As in the Amis format, a blank line separates each event description. In the AmisTree format, an event is represented with three lines. The first line specifies the name of an event. In the second line, you show the number of times of the observed event and enumerate activated features of an observed event. In the above example, event_1 is observed twice, and event_2 once. As in the Amis format, specify the name of a feature together with its value. The third line represents an observed event and complement events in a feature forest. Disjunctive nodes are represented with curly braces. Between the curly braces, the name of a node is first specified, and conjunctive nodes follow. Node names must be unique in each event, but you can use '_' for the nodes which are never refered to. Conjunctive nodes are represented with round brackets. Between the round brackets, the name of a node is first specified, and activated features follow. Feature descriptions are the same as Amis format. You can also specify disjunctive nodes as daughter nodes. Node names are used to represent structure-sharing. Already appeared nodes can be refered by "$" followed by the node name. In event_1 in the above example, $node2 represents the sharing with node2 already appeared. By using node sharing and pack the feature forest smaller, the computational complexity reduces, and the computation will be accelerated. You can use any characters except for special characters for node names and feature names.

From the feature forests, we can extract a set of feature lists by the following mutual-recursive procedures.

An event written in AmisTree format can be converted into an Amis format event which have all the feature lists that can be extracted from the feature forest as its observed and complement events. The result of parameter estimation for AmisTree format events is equivalent to that for such an Amis format events, but the computational cost of the estimation is proportional to the size of the feature forests.

Output

Amis outputs pairs of feature and parameter. The output format is the same as a model file. Since the output format is the same as a model file, the output file can be reused as an input of the new computation. That is, we can further progress the parameter estimation given already estimated data.

Parameters a_i corresponding to feature functions are output, and we can compute the probability of an unknown event by the product of a_i for all activated features.


Using reference distributions

Internal specs

Coming soon...

Misc. (restrictions and known bugs)


References

[1] Adam L. Berger, Stephen A. Della Pietra and Vincent J. Della Pietra. A maximum entropy approach to natural language processing. Computational Linguistics, 22(1):39-71, 1996.

[2] Yusuke Miyao and Jun'ichi Tsujii. Maximum entropy estimation for feature forests. In Proc. HLT2002.

[3] Stephen A. Della Pietra, Vincent J. Della Pietra and John Lafferty. Inducing features of random fields. IEEE Transactions on Pattern Analysis and Machine Intelligence, 19(4):380-393, 1997.

[4] Jorge Nocedal. Updating quasi-Newton matrices with limited storage. Mathematics of Computation, 35:773-783, 1980.

[5] J. N. Darroch and D. Ratcliff. Generalized iterative scaling for log-linear models. Annals of Mathematical Statistics, 43:1470-1480, 1972.

[6] Stanley F. Chen and Ronald Rosenfeld. A Gaussian prior for smoothing maximum entropy models.
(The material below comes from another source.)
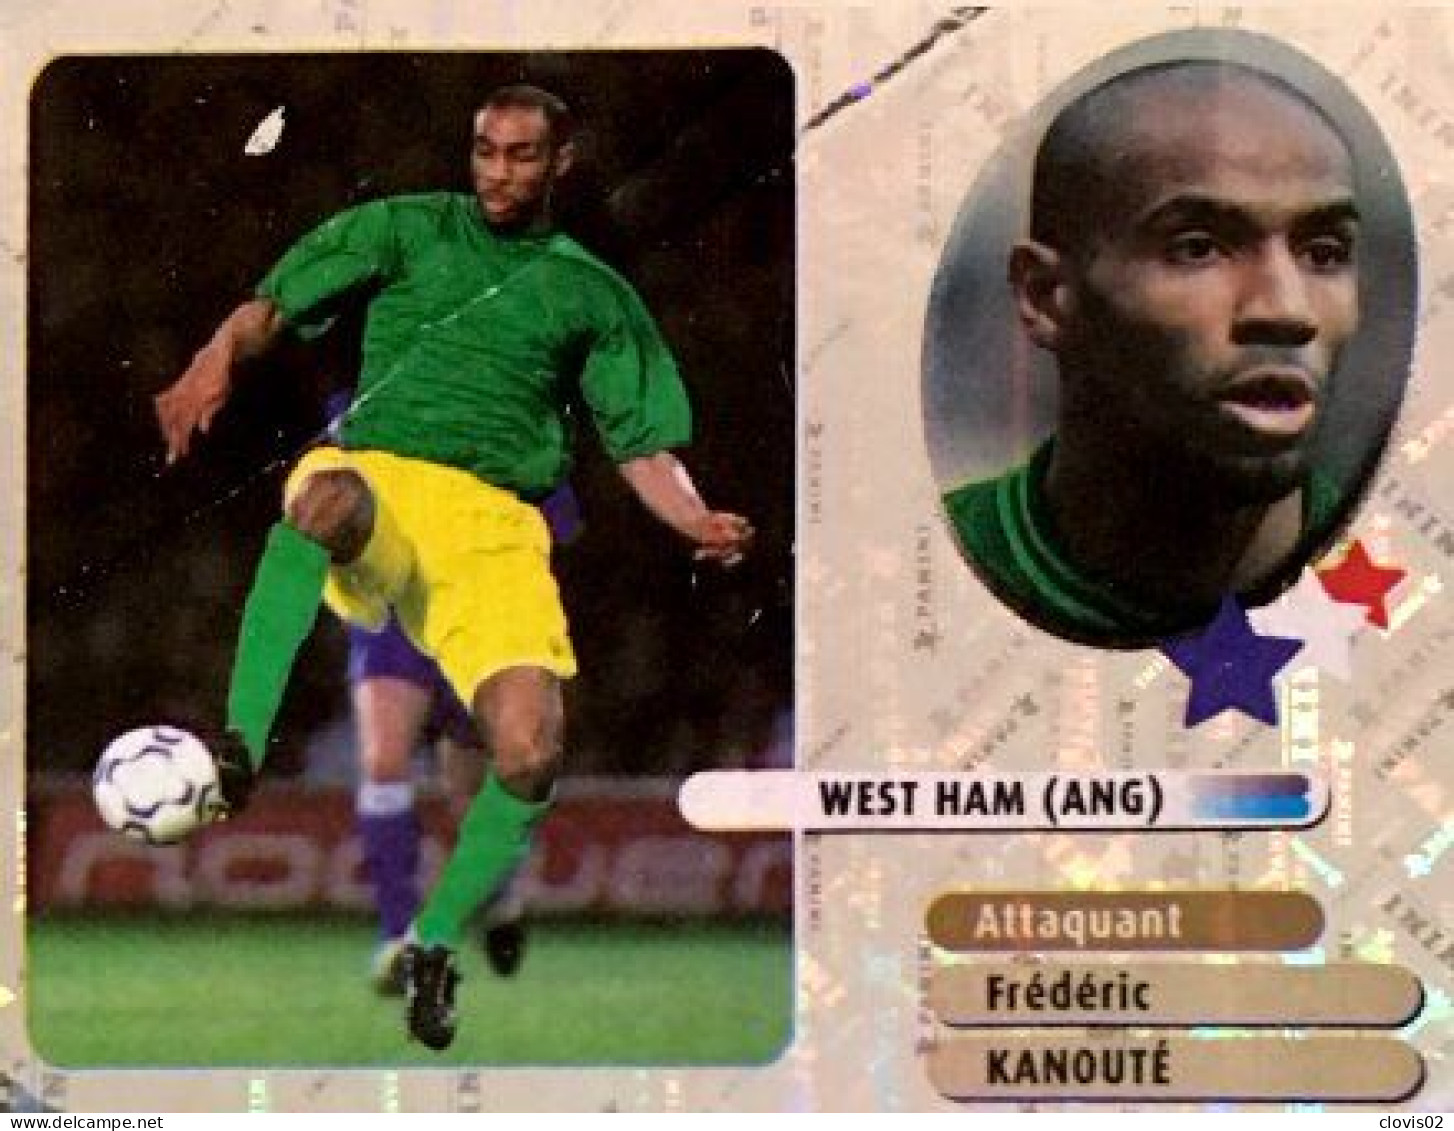 352 Frédéric Kanouté - West Ham - Stars Du Foot - Panini France Foot 2003 Sticker Vignette - French Edition

Technical Report CMUCS -99-108, Carnegie Mellon University, 1999.

[7] Steven J. Benson and Jorge More'. A Limited-Memory Variable-Metric Algorithm for Bound-Constrained Minimization. Mathematics and Computer Science Division, Argonne National Laboratory, ANL/MCS-P909-0901, 2001.

[8] Jun'ichi Kazama and Jun'ichi Tsujii. Evaluation and Extension of Maximum Entropy Models with Inequality Constraints. In the Proceedings of EMNLP 2003.